DISCUSSION AND FINDINGS
The Arbitrator did not err in the application of Fletcher. In that decision I found that:
No Regulations or Rules have been made to give effect to section 294 A (1)(b), namely, in relation to disclosure of medical reports to an AMS. The result is that while a party is not permitted to file more than one medical report in any one specialty in proceedings before the Commission (constituted by an Arbitrator or Presidential Member), the Commission has no power to restrict the disclosure of information, including medical reports, to an Approved Medical Specialist. Effectively, the only limitation on obtaining multiple reports in the same medical specialty is that the party will not be entitled to recover the costs of obtaining a medical report that is not admitted in the proceedings.
The fact that the Regulations do not provide for restrictions on the “disclosure of medical reports (including X-rays and the results of other tests) to approved medical specialists” (section 294 A (1)(b)) is not cured by the general directive to the Commission to act according to“equity, good conscience and the substantial merits of the case” (section 354(3) of the 1998 Act).Approved Medical Specialists are not Members of the Commission. The statutory scheme for the assessment of medical disputes provides, essentially, that the Commission is the conduit for the referral of medical disputes to an Approved Medical Specialist (section 321 of the 1998 Act), who will issue a medical assessment certificate (section 325 of the 1998 Act). In cases of permanent impairment the Approved Medical Specialist’s assessment is binding as to certain matters (section 325 of the 1998 Act).
I accept the Appellant’s submission that it could result in unfairness to the worker if a psychiatric report is forwarded to the Urology and Orthopaedic Medical Specialists, whose assessment should be unrelated to any psychological injury. This would depend upon the weight, if any, that those specialists placed upon the psychiatric report, in making their assessment. However the Appellant’s remedy, if he is ultimately dissatisfied with the medical assessment, is to appeal to a Medical Appeal Panel.
The WorkCover Authority has announced that it is reviewing the Regulations in relation to the disclosure of medical reports to an Approved Medical Specialist where a medical dispute in the Commission is referred for assessment (Regulation 43 of the Workers Compensation Regulation 2003).

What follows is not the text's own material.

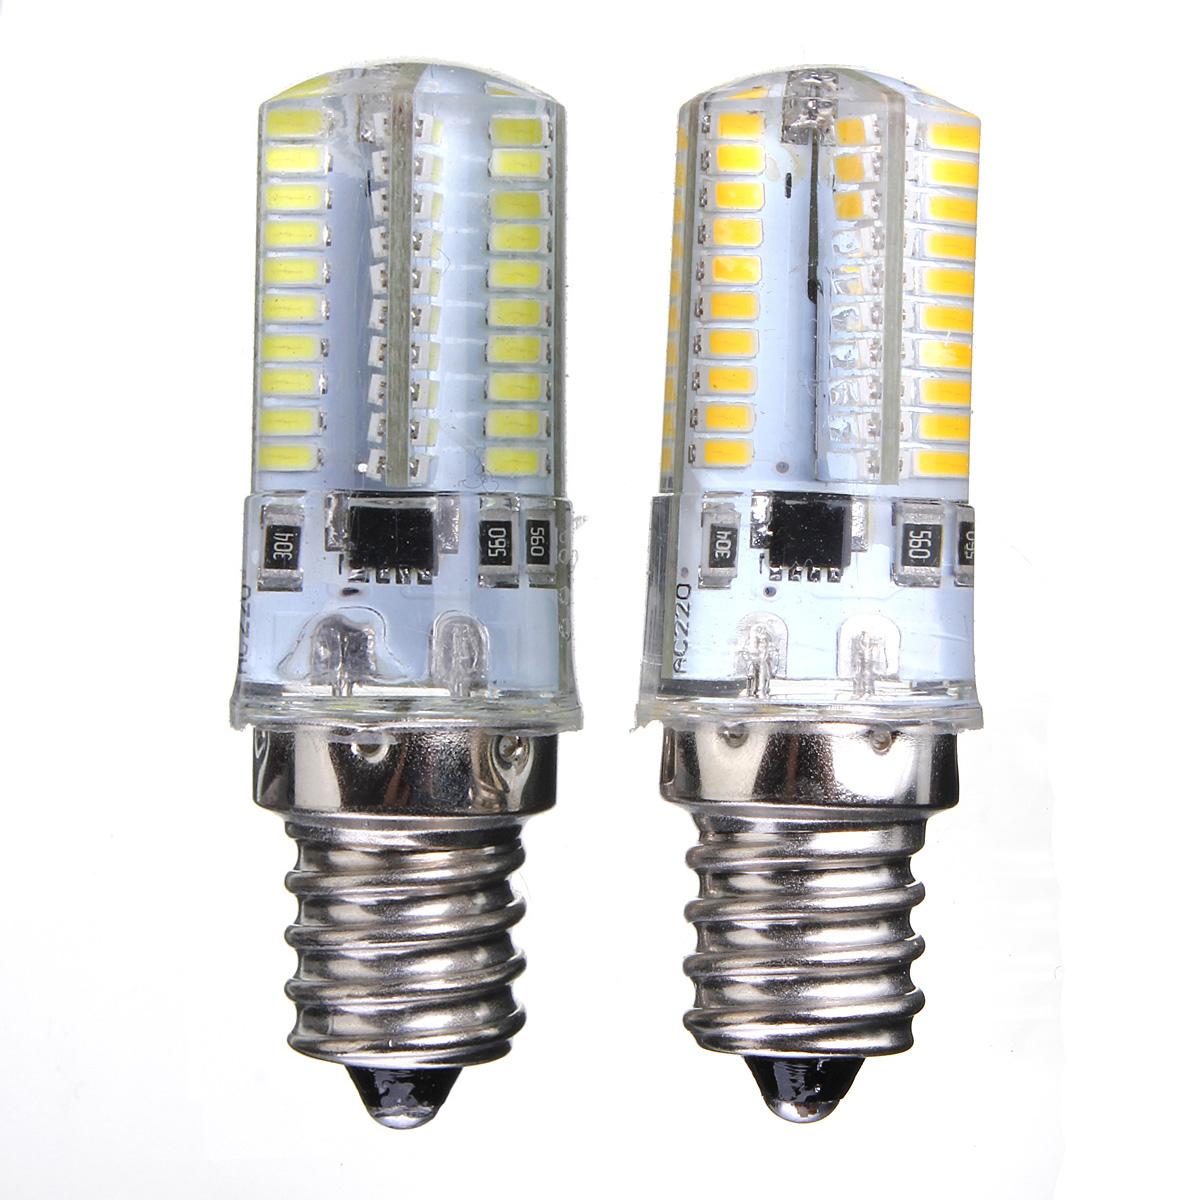 Ampoule G4 G9 E12 E14 E17 BA15D Dimmable 80 LED 3014 SMD Silicone Bulb Lampe NEW

Unless the Regulations are amended my view remains, as stated in Fletcher, that the Commission has no power to restrict the documents disclosed to an Approved Medical Specialist.
DECISION
The decision of the Arbitrator is confirmed.
Dr Gabriel Fleming
Deputy President
9 June 2004
I CERTIFY THAT THIS IS A TRUE AND ACCURATE RECORD OF THE REASONS FOR DECISION OF DR GABRIEL FLEMING, DEPUTY PRESIDENT OF THE WORKERS COMPENSATION COMMISSION.